Иначе говоря, чтобы человек стал человеком, выказав характер, а вместе с тем и волю, включившись в полезную деятельность, которой потребует у него школа, он должен преодолеть барьер, который для него серьезен весьма: осознать себя. А знаете, что тут самое замечательное? Он осознает себя общаясь, только так. Лишить чловека этого общения значит разнести вдребезги то магическое зеркало, глядя в которое человек впервые увидел себя… Согласитесь, что все это не праздно по той простой причине, что имеет отношение к проблеме куда как насущной: человек и общение. Заключите человека в раннем детстве в каменные стены одиночества — и он никогда не постигнет своего «я».

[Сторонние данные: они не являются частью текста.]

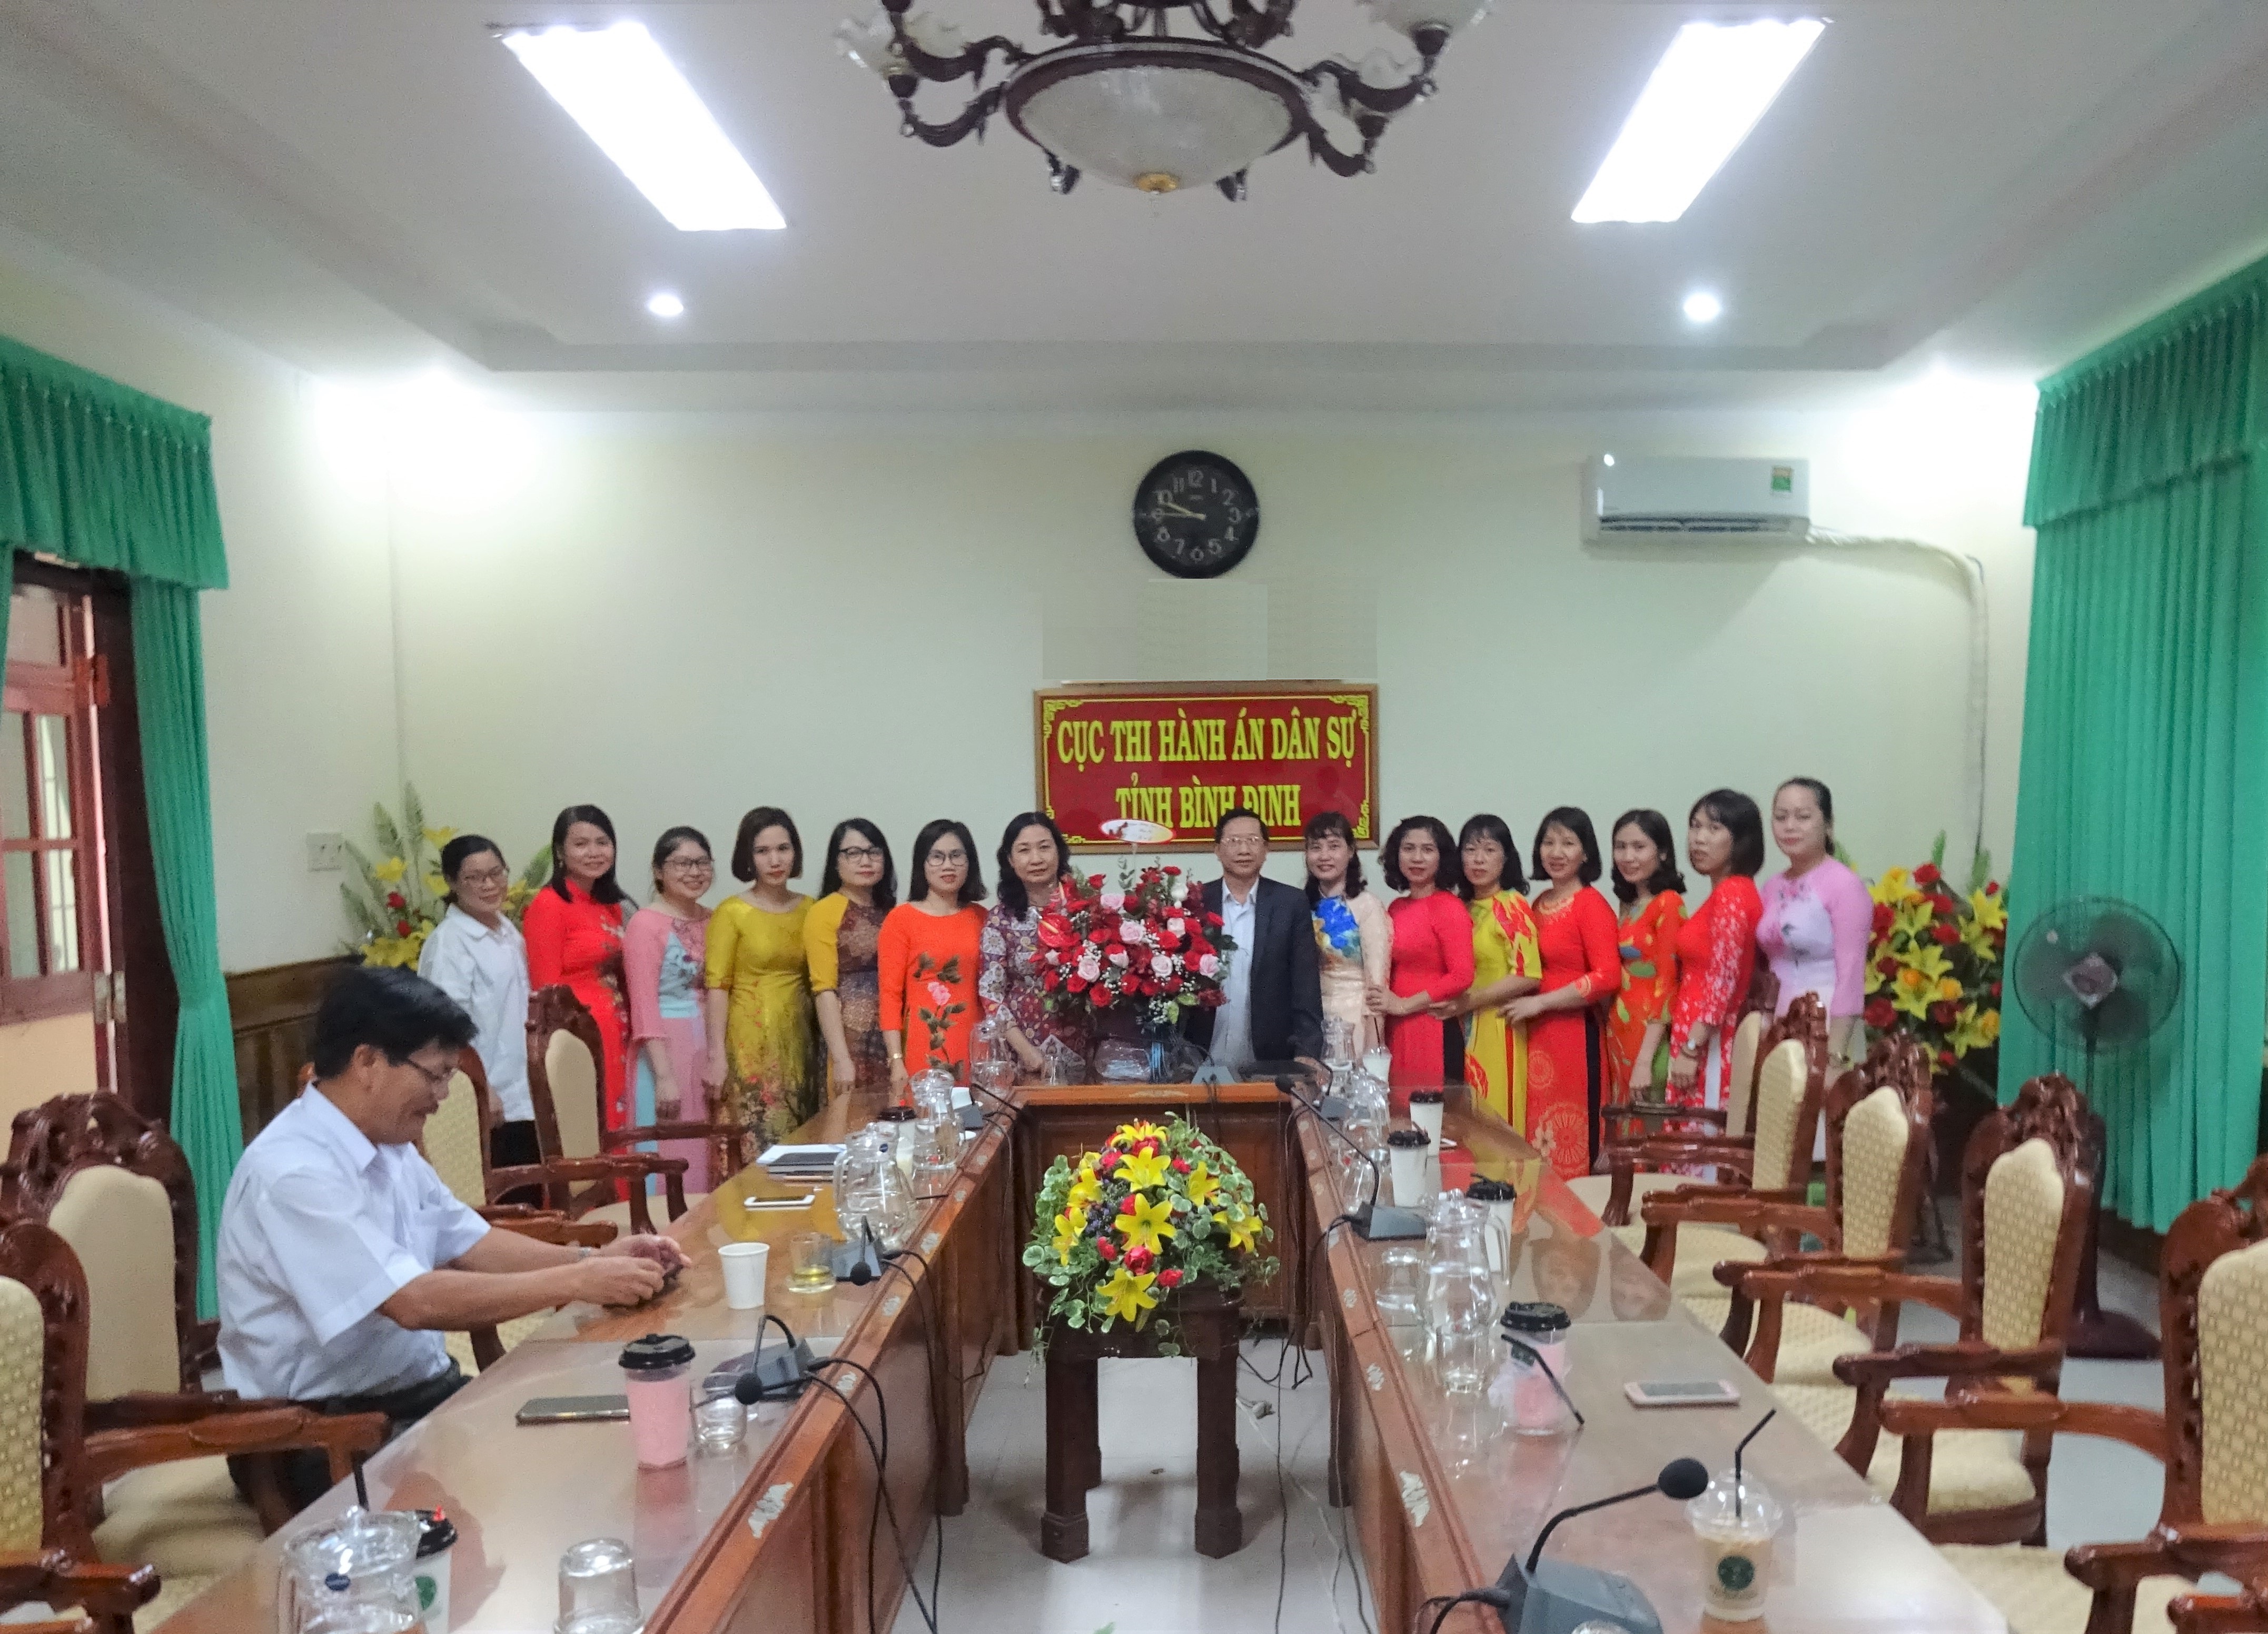 Lãnh đạo Cục THADS tỉnh gặp mặt nữ công chức, người lao động nhân ngày quốc tế phụ nữ 8.3

Отъезд назначен на завтра, и в Наркоминдел приехал Рудзутак — у него было дело к Литвинову, однако, уезжая, он решил не разминуться и с Георгием Васильевичем. На нем френч из дымчатой шерсти, просторные брюки из такой же материи и сапоги, голенища которых он любит подтягивать, опасаясь, что они собрались у щиколоток. Рудзутак явился, когда Чичерин заканчивал диктовать своеобразную памятку о концессиях — эта проблема не минет нас в Генуе.
Рудзутак. Да буду ли я вам полезен в Генуе, Георгий Васильевич? (Он испытующе–строго взглянул на Чичерина.) Дипломатия не моя стихия…
Чичерин. Думаю, что очень полезен — понимание проблем жизни, оно показано дипломатии…
Рудзутак. Но ведь дипломатия — это умение устанавливать связи, а я тут не очень силен.
Чичерин. Нет, дипломатия — это не только связи, но и совет, а вы тут можете быть очень полезны…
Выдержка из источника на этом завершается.